Oder aber wenn die Shirts schon Gratis sind 2 oder die Drei kombienieren dürfen bei denn Versandkosten


----------



## Tobi41090 (19. Juli 2009)

*AW: T-Shirt 'Ich wähle keine Spielekiller' für 0 Euro - Update: T-Shirt wieder gratis erhältlich [AN*

@slow,

vor allem, wenn das Päckchen dann mit eine 1,45€ Marke verschickt wird und man eigendlich 6,90€ Versand gezahlt hat.


----------



## NGamers (27. Juli 2009)

*AW: T-Shirt 'Ich wähle keine Spielekiller' für 0 Euro - Update: T-Shirt wieder gratis erhältlich [AN*

Die Gamercommunity ist anscheinend geschlossen gegen "Killerspielverbote", wo selbst CS 1.6 und Warcraft 3 benannt werden. Wenns dann darum geht irgendwie mal was zu tun, lassen sich nur läppische 200 Spieler in einer 4mio Großstadt wie Berlin blicken. In Karlsruhe und Köln sah es ähnlich aus.

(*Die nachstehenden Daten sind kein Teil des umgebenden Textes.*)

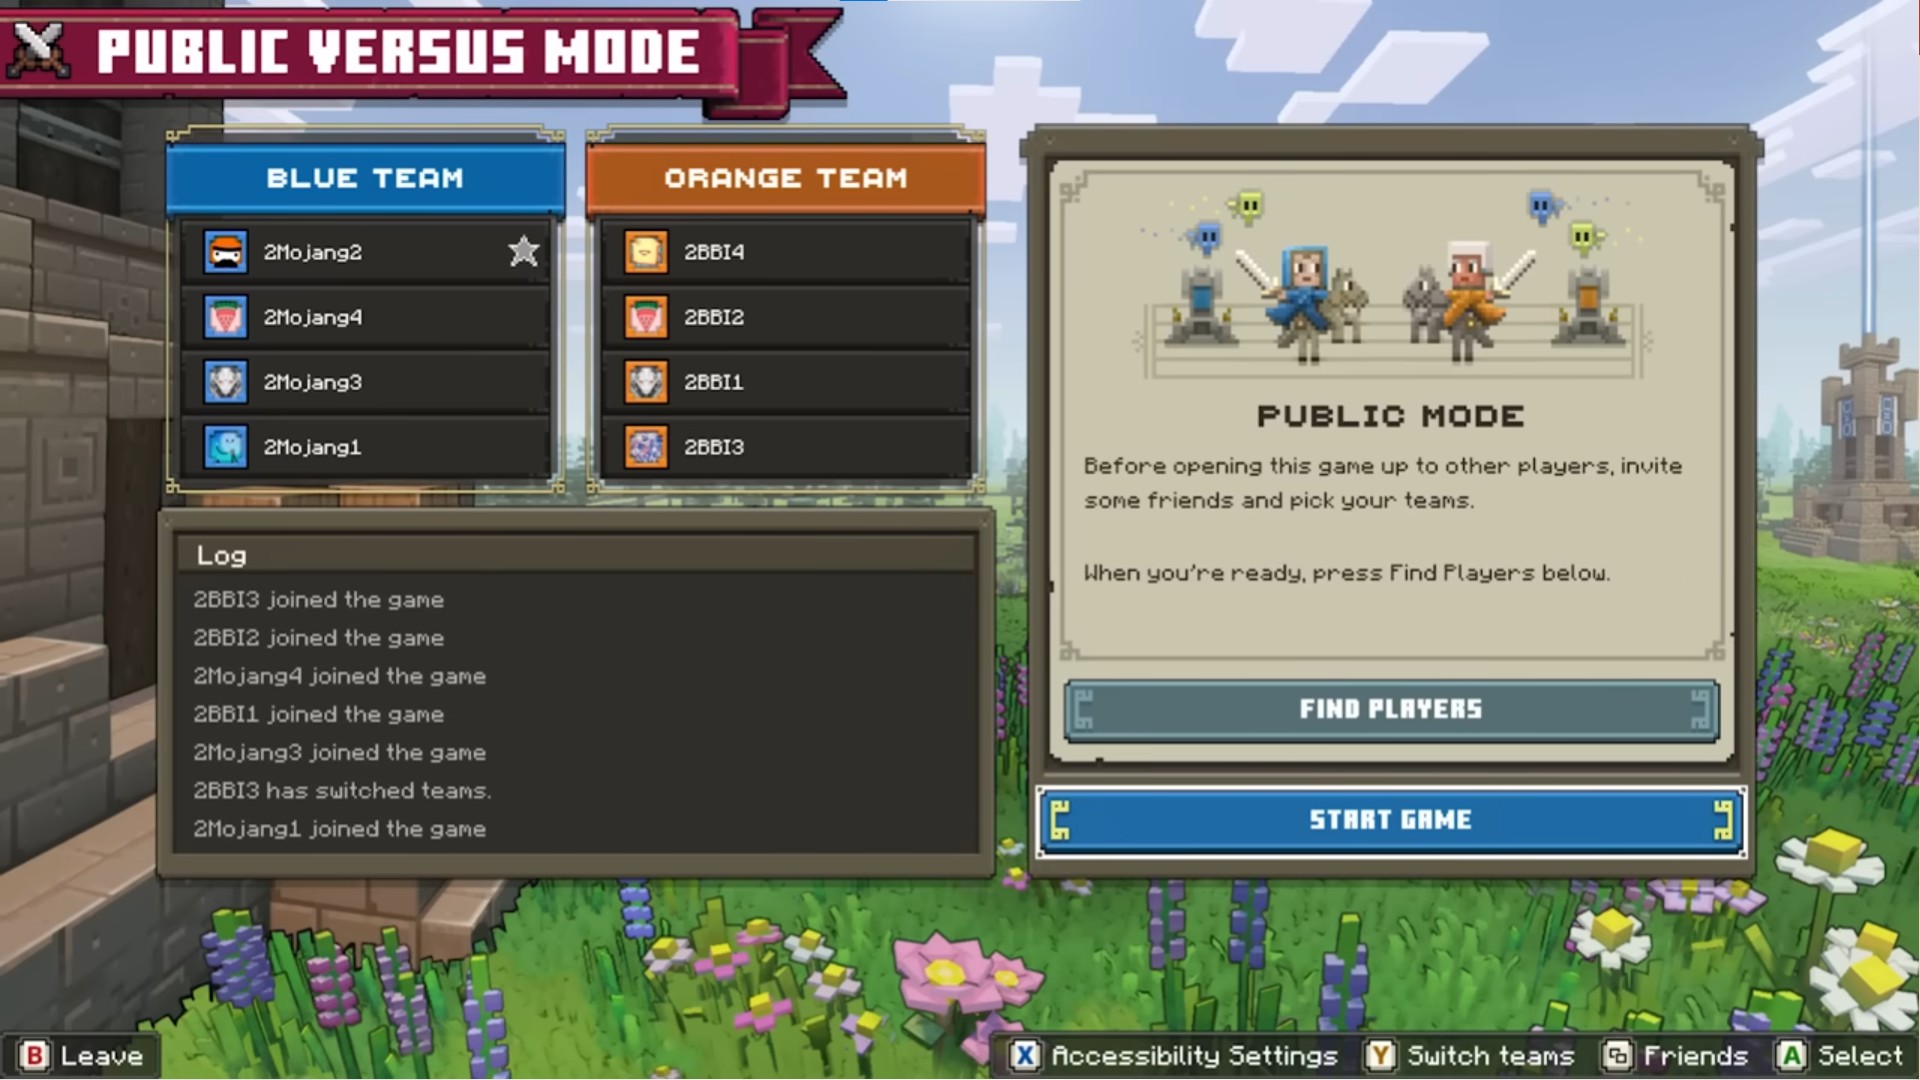 Does Minecraft Legends have co-op and multiplayer modes? - Meristation
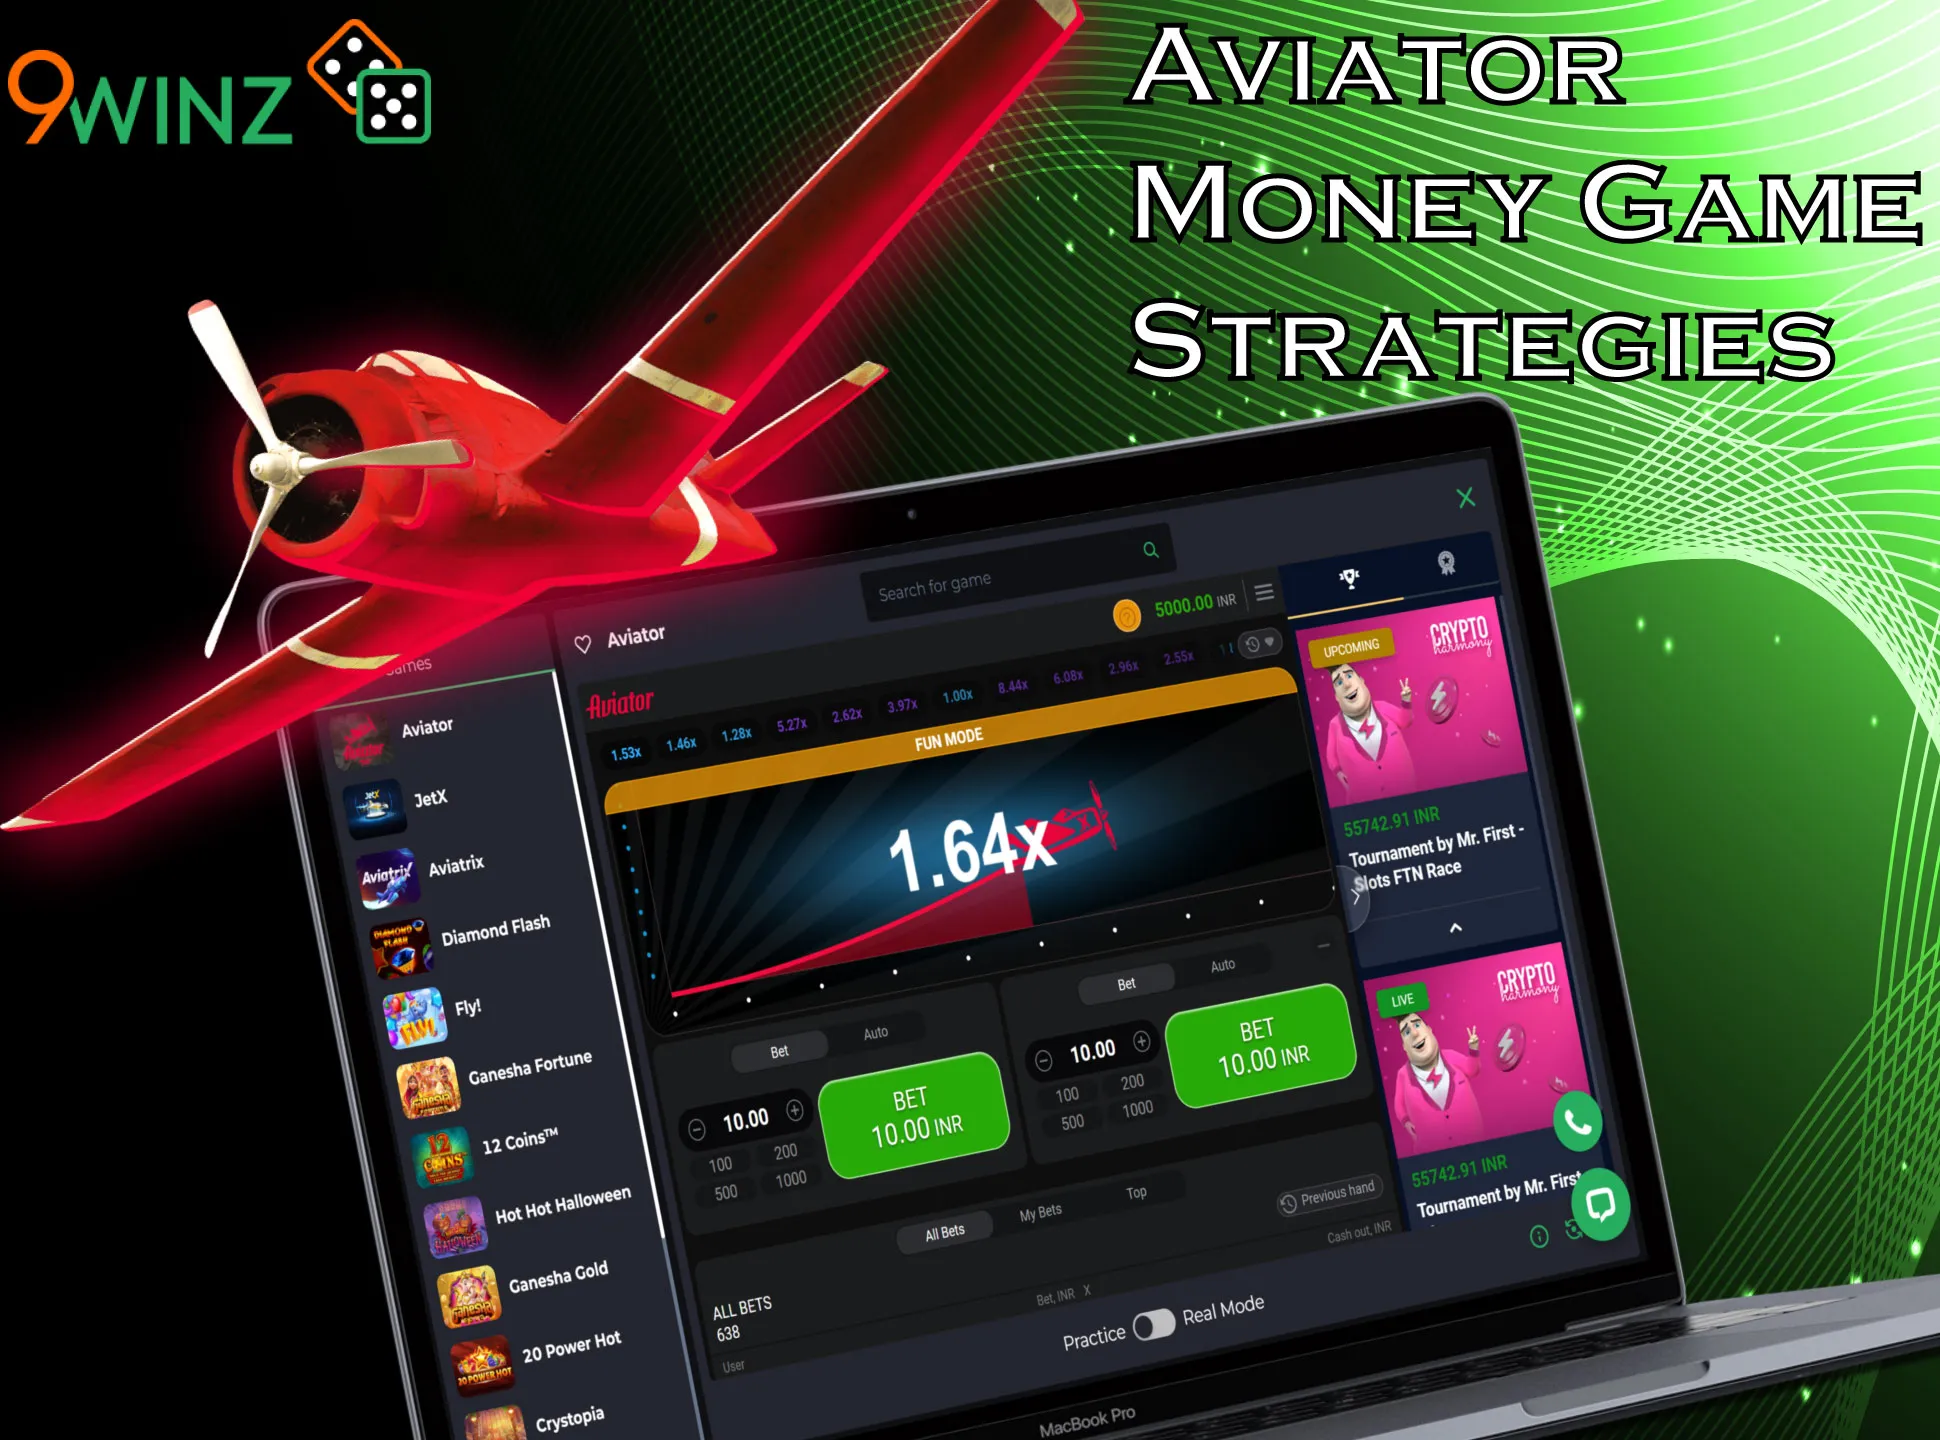 Follow these strategies to win Aviator game.

Nur wette ich, wenns irgendwann zu spät sein sollte, sind die schreie wieder groß. "Man hätte ja nichts machen können".

Die 6,90€ Versand sind meiner Meinung nach auch nicht ganz koscha, aber ob sie es nun kostenlos + 6,90€ Versand, oder 6,90€ für das Shirt und kostenloser Versand machen, is mir im Endeffekt wurst.


----------



## T-MAXX (27. Juli 2009)

*AW: T-Shirt 'Ich wähle keine Spielekiller' für 0 Euro - Update: T-Shirt wieder gratis erhältlich [AN*

Ehrlich gesagt würde ich mit so einem T-Shirt nicht rumlaufen wollen. Gerade da kommt einen das Gefühl auf, sich als Killerspieler zu outen.
Jeder Mensch sieht seine eigenen Perspektiven.


----------



## guidodungel (27. Juli 2009)

*AW: T-Shirt 'Ich wähle keine Spielekiller' für 0 Euro - Update: T-Shirt wieder gratis erhältlich [AN*

Da ich keine "Killerspiele" zocke fehlt mir der Verwendungszweck.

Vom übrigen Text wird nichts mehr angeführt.